Borussia Mönchengladbach - VfL Wolfsburg: Die Stimmen zum Spiel

Marco Rose (Trainer Borussia Mönchengladbach): "Drei Tore geschossen, kein Gegentor, drei Punkte geholt und mit einer sehr ambitioniertem Leistung unter schwierigen Bedingungen gewonnen - ich bin hochzufrieden. Die Leistung von Jonas Hofmann war bärenstark, genauso wie die Leistung der gesamten Mannschaft. Jetzt müssen wir schnell den Fokus auf Samstag richten, damit wir gegen Paderborn nachlegen können."

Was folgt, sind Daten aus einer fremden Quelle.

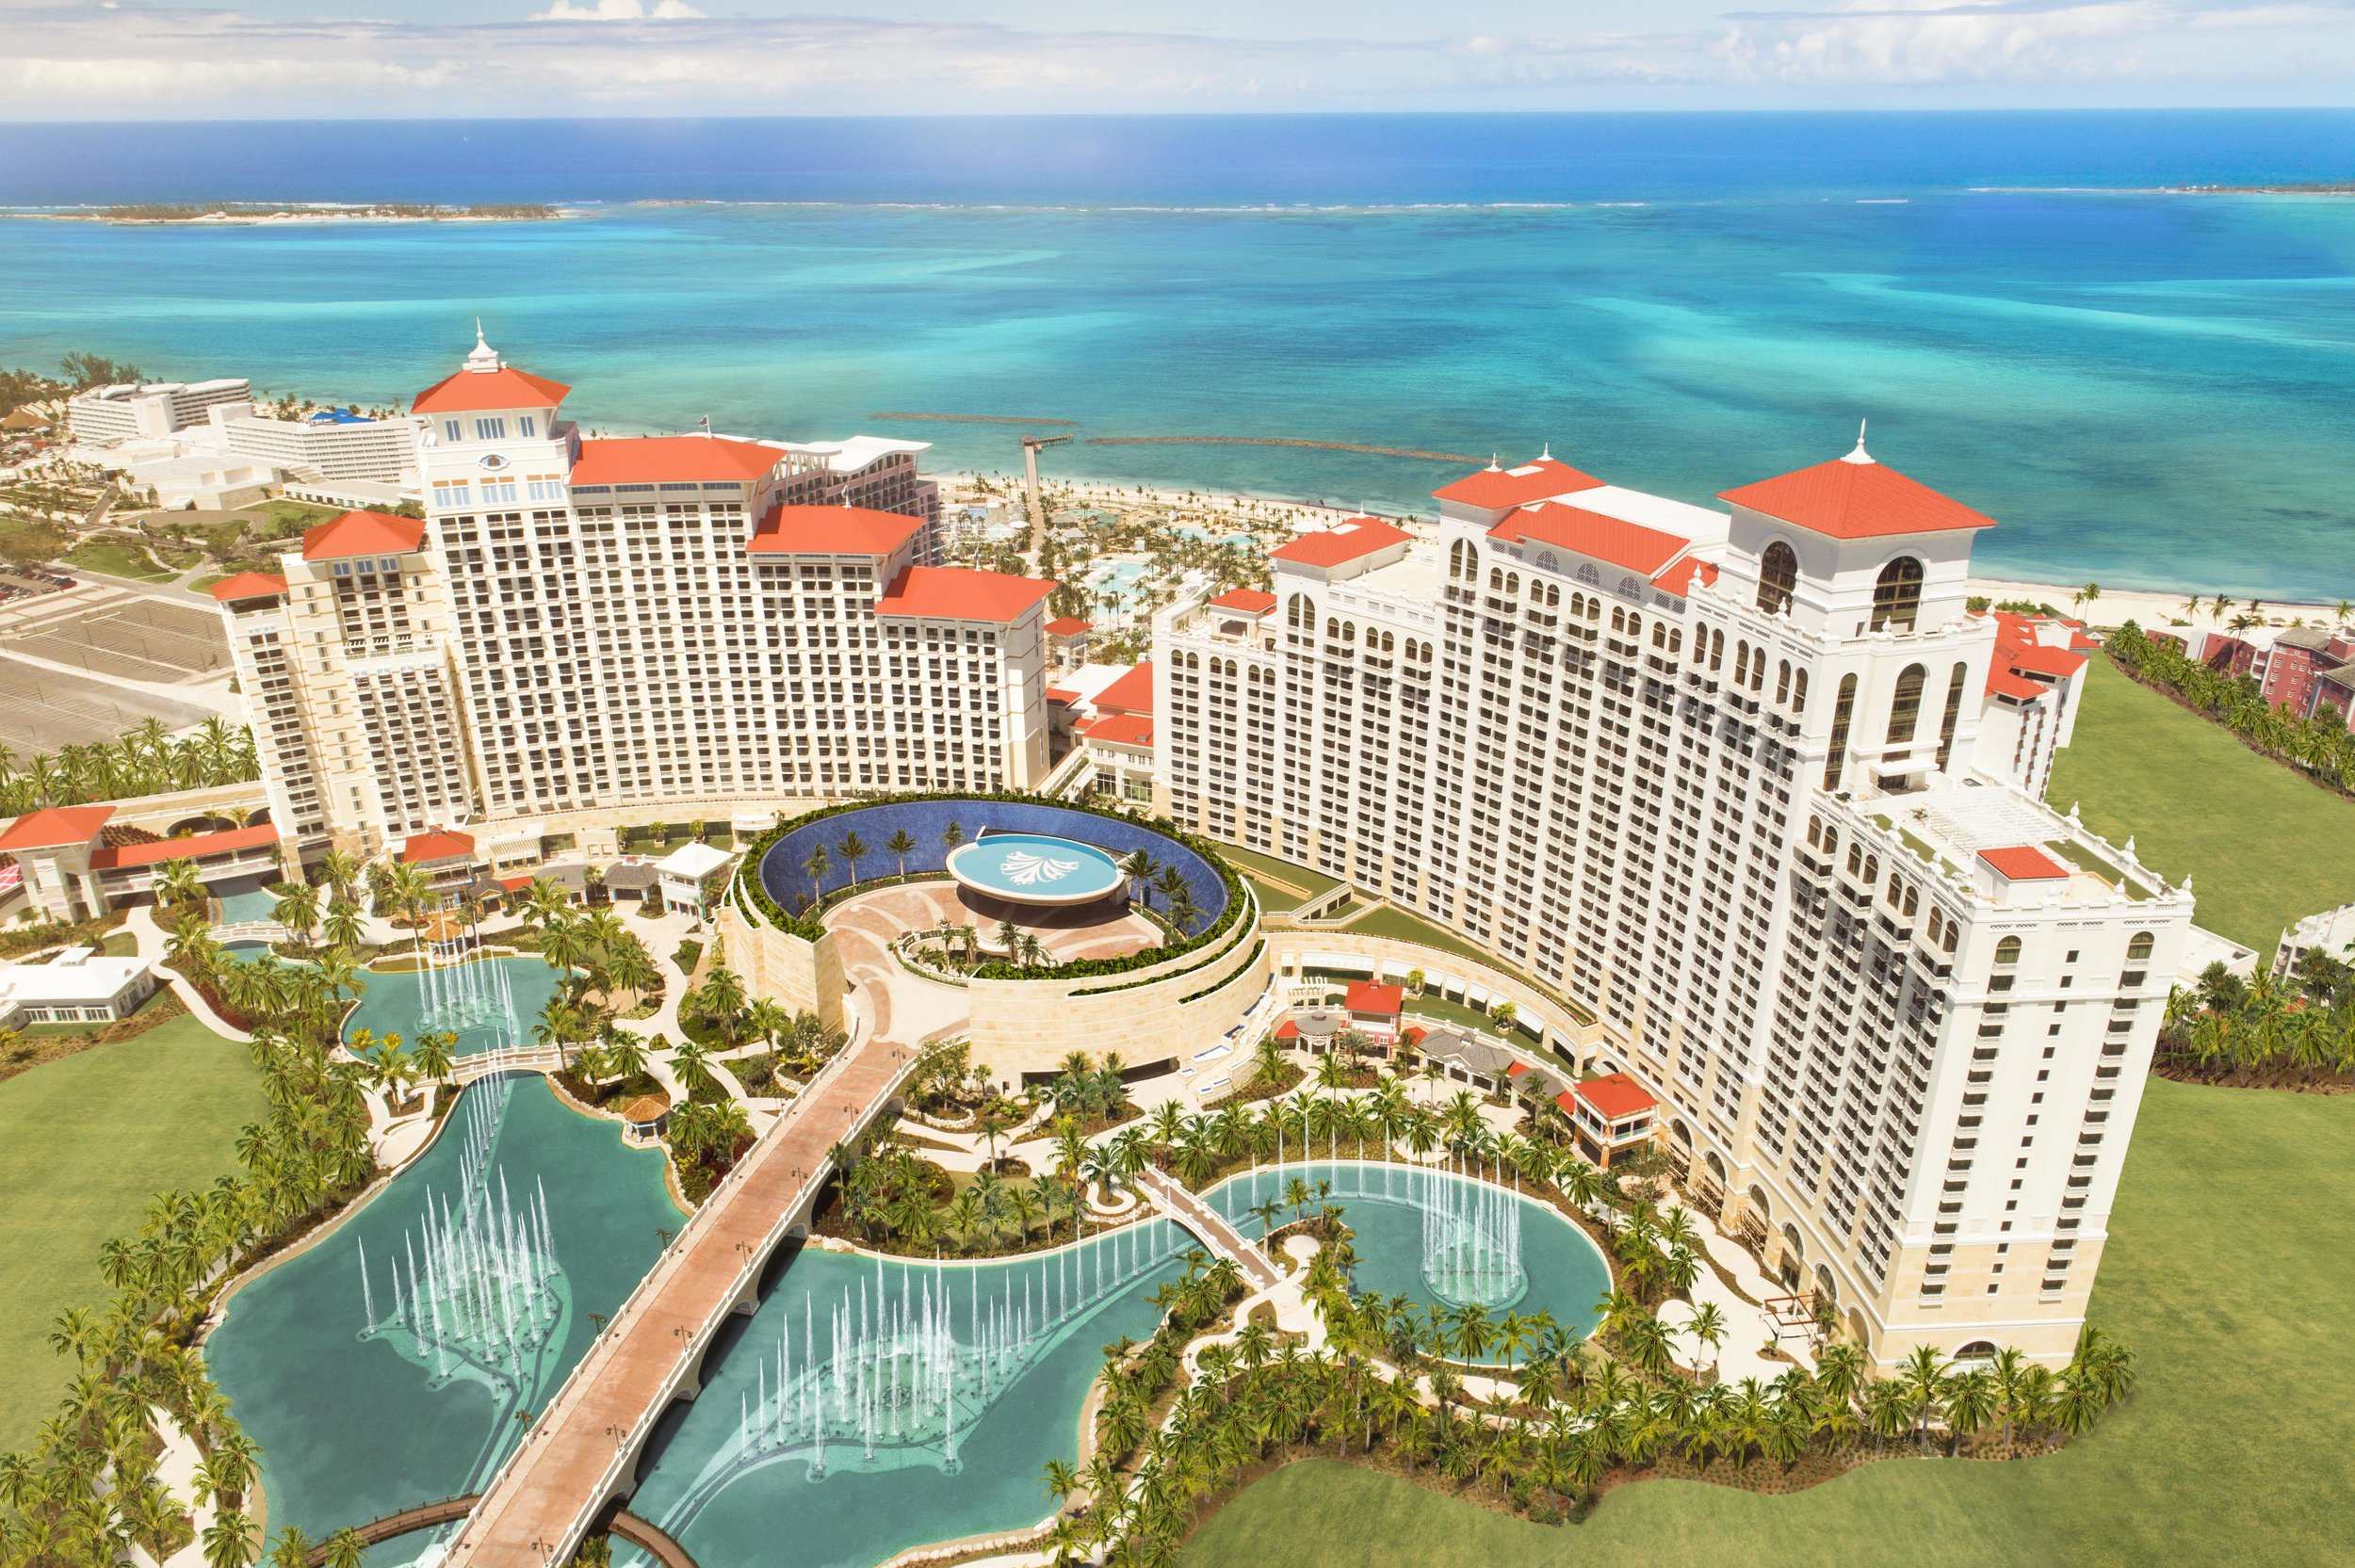 Hospitality & Resort - PDG Delivers 5-star Luxury Resorts

Oliver Glasner (Trainer VfL Wolfsburg): "Wir waren zu anfällig in beide Richtungen, Gladbach hat die Fehler eiskalt ausgenutzt. Vorne haben wir es nicht sauber genug zu Ende gespielt, deswegen geht der Sieg für Gladbach in Ordnung. Ich bin enttäuscht über unsere Leistung, wir können es besser. Jetzt gilt es, die Köpfe wieder bis Samstag nach oben zu bekommen."

Borussia Mönchengladbach wahrt Chance auf CL-Teilnahme

Vor 18.000 "Pappfans" auf den Tribünen war Gladbach vor allem eines: eiskalt. Hofmann nutzte die ersten beiden Chancen und vertrat die verletzten Topscorer Marcus Thuram und Alassane Plea bestens. Erst nach dem zweiten Tor bekam die Fohlenelf mehr Sicherheit in ihr Spiel und brachte den Sieg nach der Pause letztlich souverän ins Ziel.

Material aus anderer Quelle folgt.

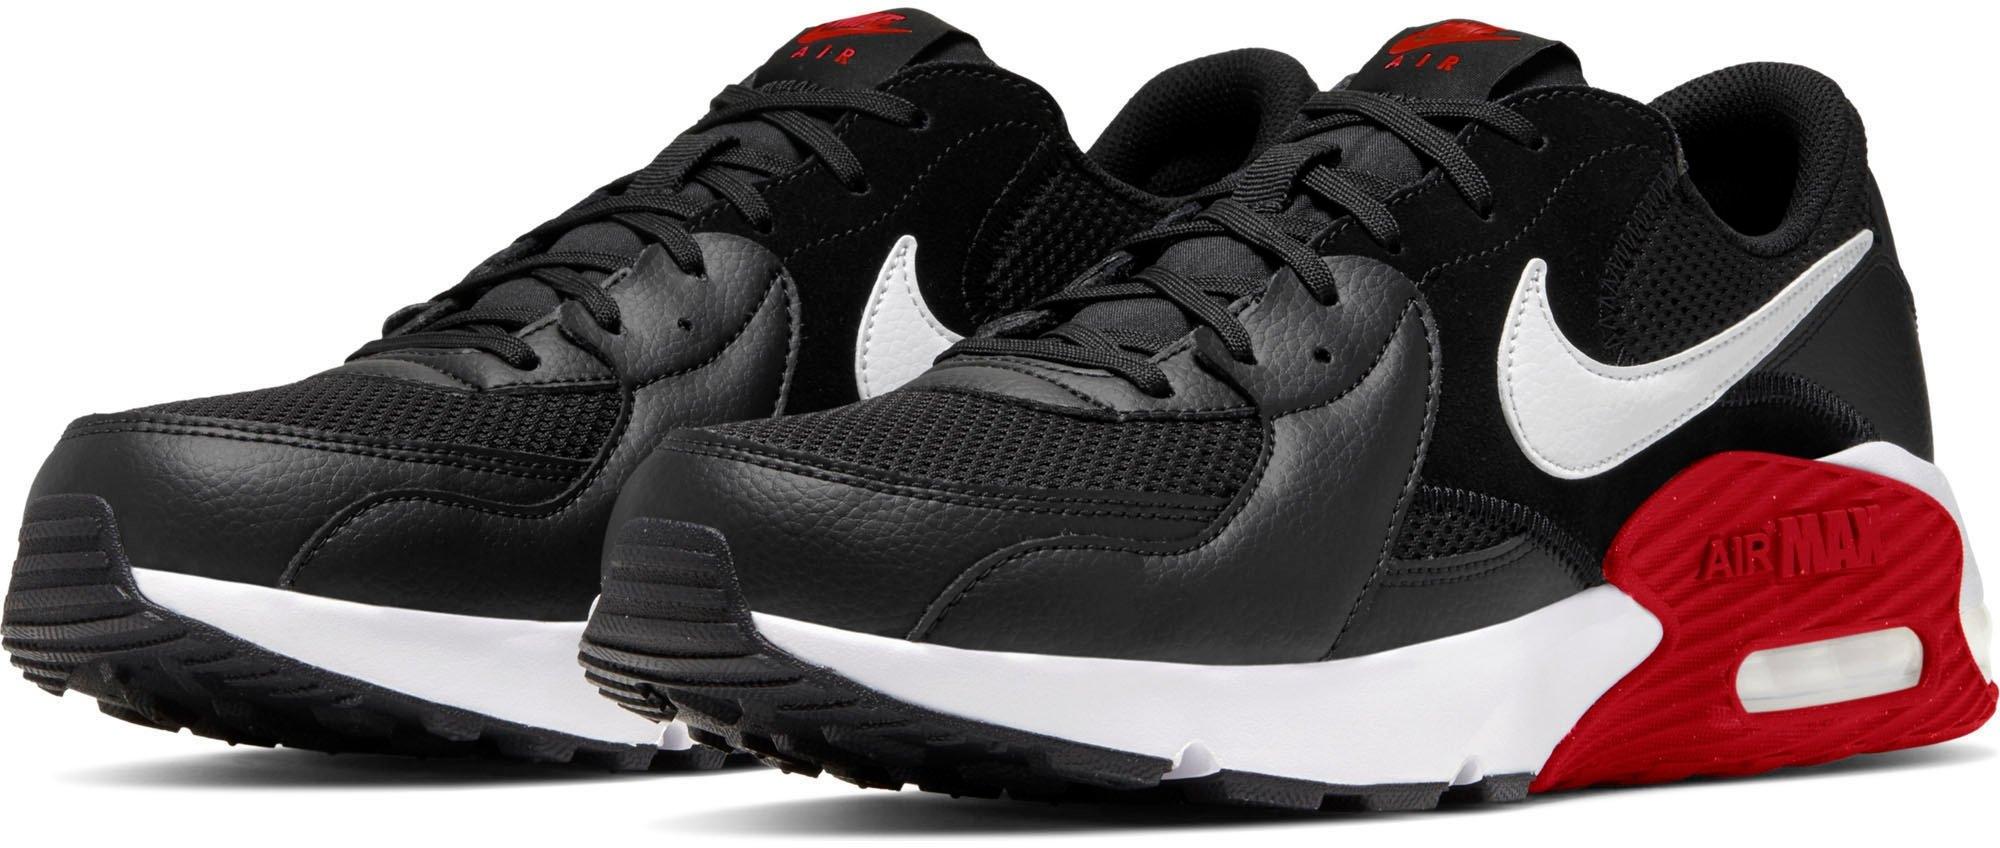 Nike Sportswear sneakers Air Max Excee bestellen: 30 dagen bedenktijd

Rose hatte sein Team vor Anpfiff noch einmal auf das große Ziel eingeschworen. "Die Chance auf die Königsklasse lebt noch", sagte der Coach. Seine Elf begann zwar nervös, aber dann schickte der auffällige Breel Embolo mit viel Übersicht Hofmann, der frei vor Schlussmann Koen Casteels die Nerven behielt und flach einschob.

Sicherheit erhielt die Borussia aber nicht. Leichtfertige Ballverluste blieben an der Tagesordnung, Wolfsburg erwies sich mit dem Selbstbewusstsein von drei Auswärtssiegen in Folge als unbequemer Gegner. Der in die Startelf gerückte Felix Klaus verfehlte das Tor (22.) nur knapp.

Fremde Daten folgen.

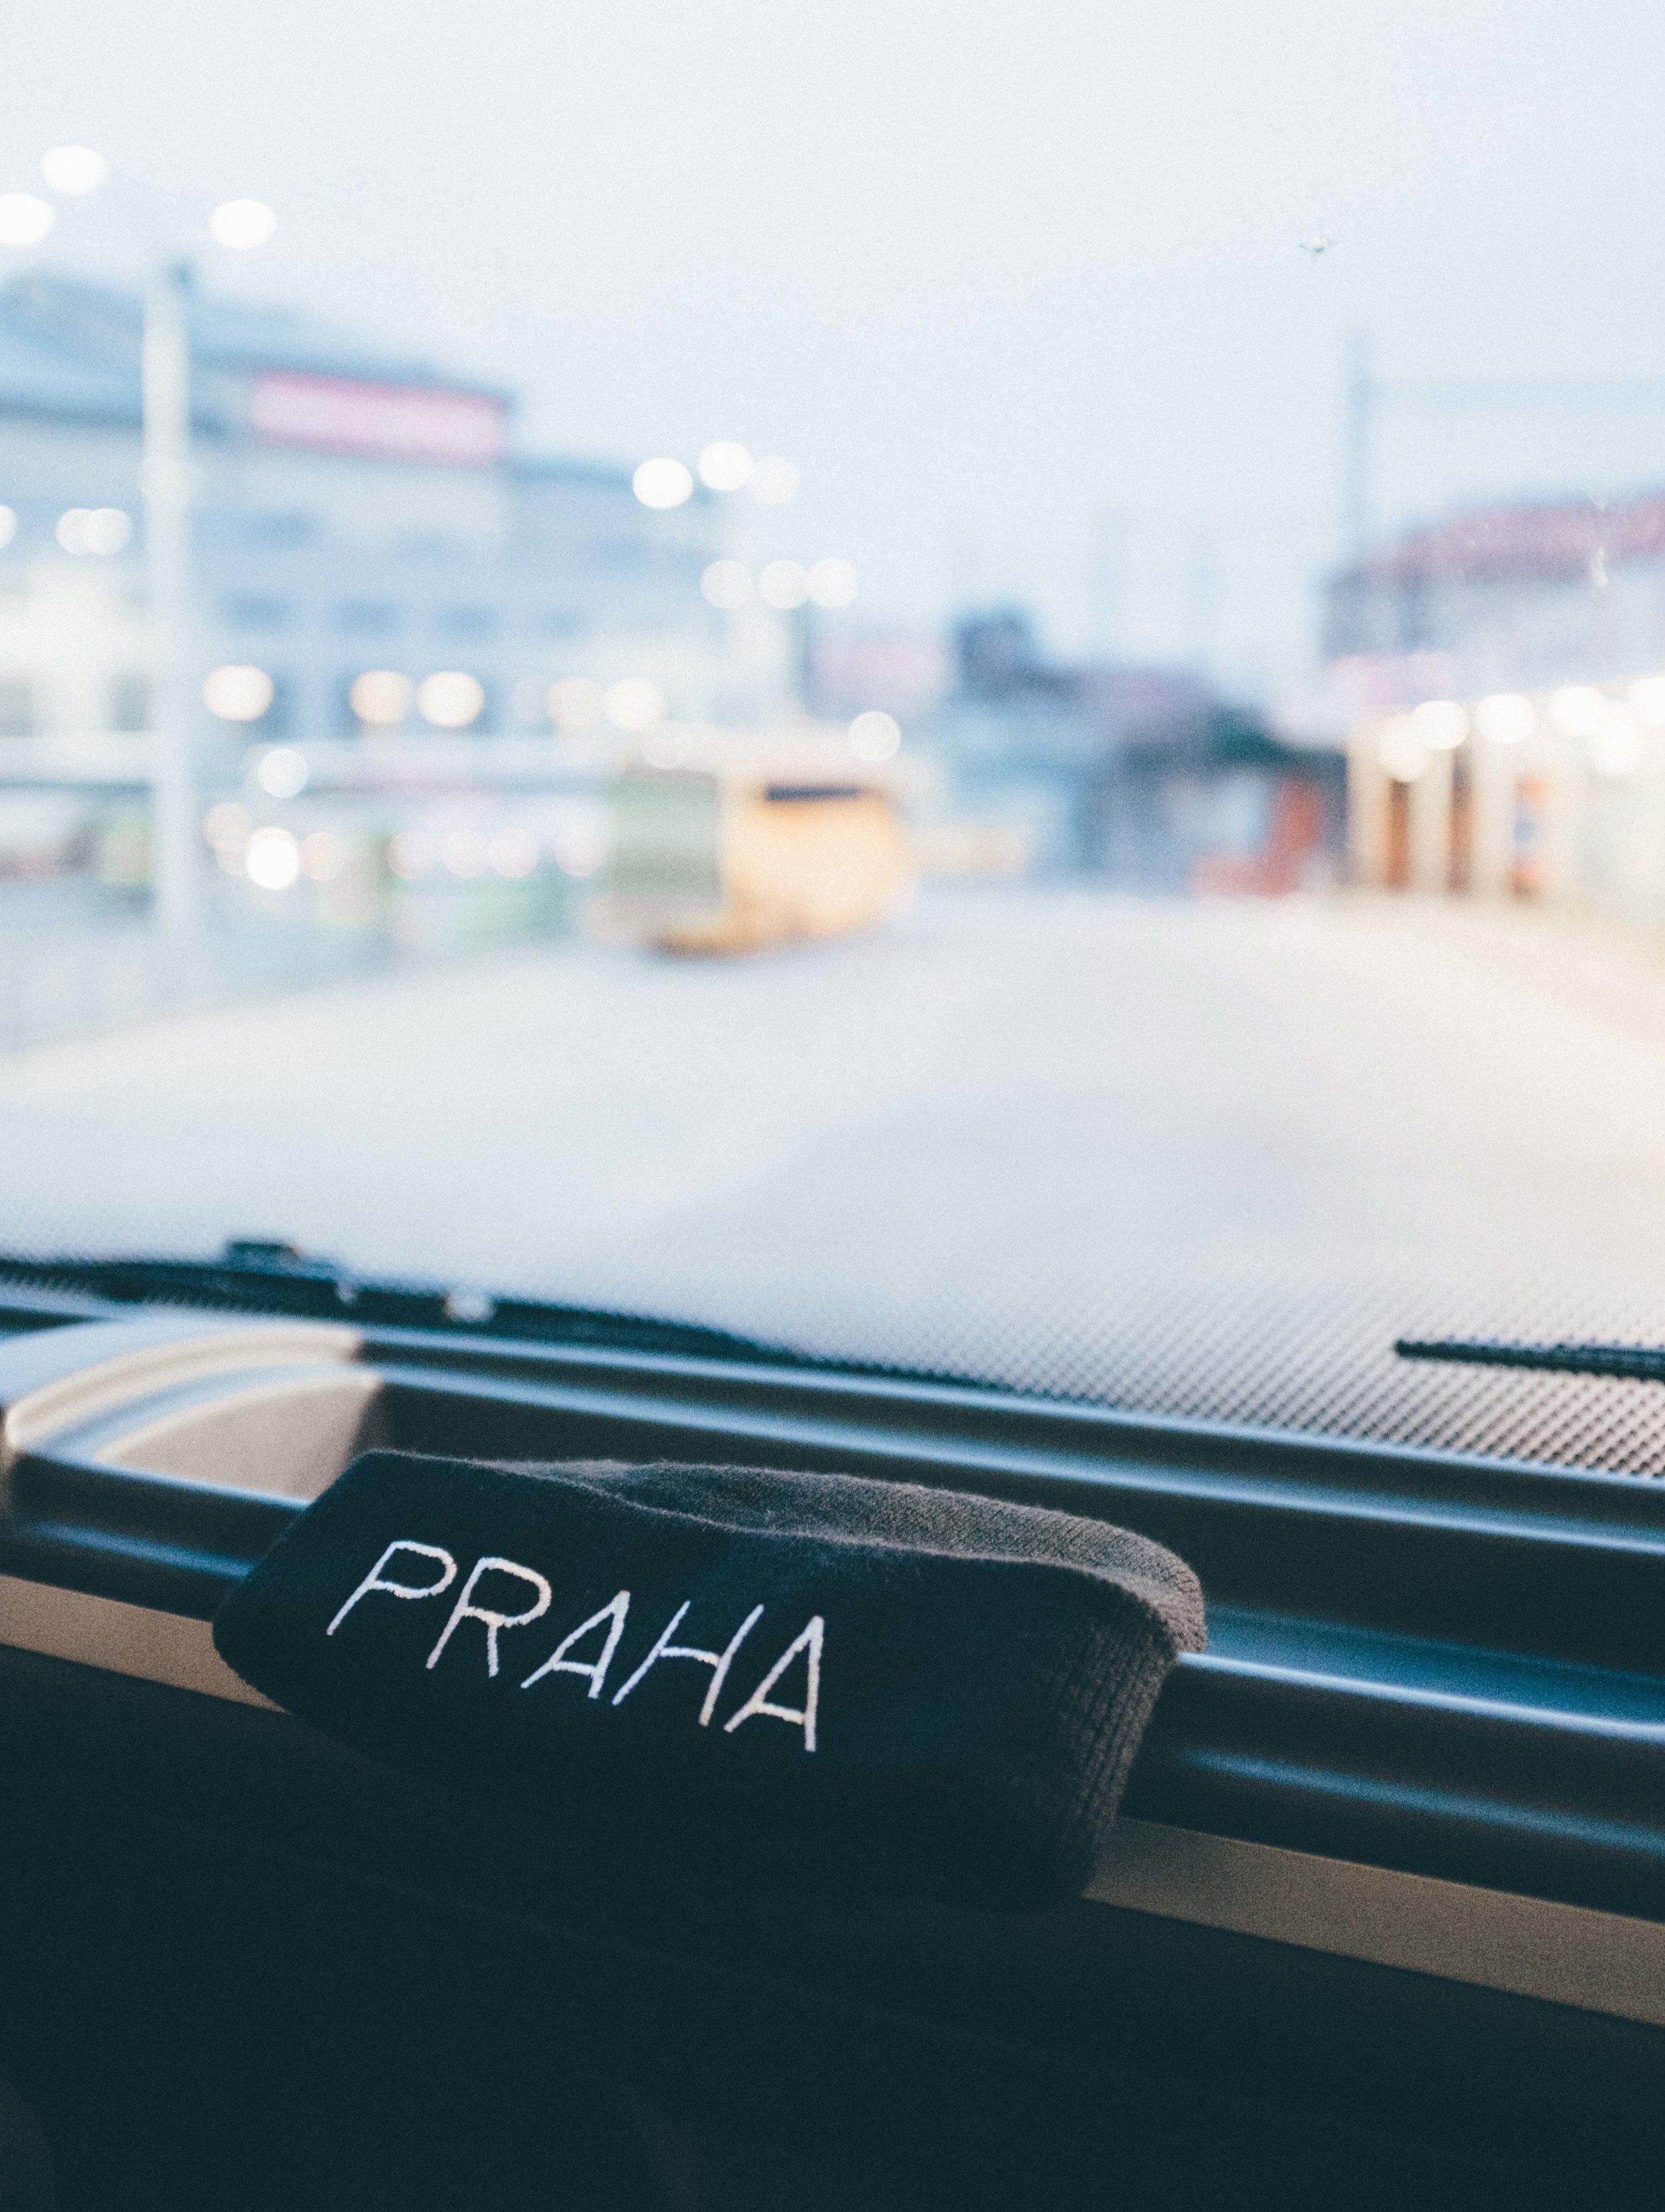 PRAHA-POTF-DSCF0881.jpg

Jonas Hofmann schlägt doppelt zu

Wenig später nutzte das Rose-Team aber auch seine zweite Chance. Diesmal war es Matthias Ginter, der in seinem 100. Pflichtspiel für Gladbach auf Hofmann ablegte. Der 27-Jährige entschied sich erneut für einen Flachschuss ins linke Eck - und war wieder erfolgreich. Für Hofmann, der 2018 gegen Mainz sogar einen Dreierpack erzielt hatte, war es das vierte Saisontor.

Nach der Pause drängte Wolfsburg auf das schnelle Anschlusstor und lud die Borussia so zu zahlreichen Kontern ein. Hofmann hatte dabei mehrfach sein drittes Tor auf dem Fuß, zielte aber jeweils knapp vorbei (48./57.). Erst Stindl sorgte für klare Verhältnisse. Auf der Tribüne hielte es nun auch Thuram und Plea trotz Verletzung nicht mehr auf den Sitzen.

Borussia Mönchengladbach - VfL Wolfsburg: Die Aufstellungen

  • Mönchengladbach: Sommer - Lainer, Ginter, Elvedi, Wendt - Kramer, Neuhaus (90. Doucoure) - Traore (72. Herrmann), Stindl (90. Bennetts), Hofmann - Embolo (81. Benes).
  • Wolfsburg: Casteels - Mbabu, Pongracic (72. Knoche), Brooks, Steffen - Gerhardt (70. Guilavogui), Arnold (60. Brekalo) - Klaus (70. Marmoush), Schlager, Joao Victor (70. Ginczek) - Weghorst.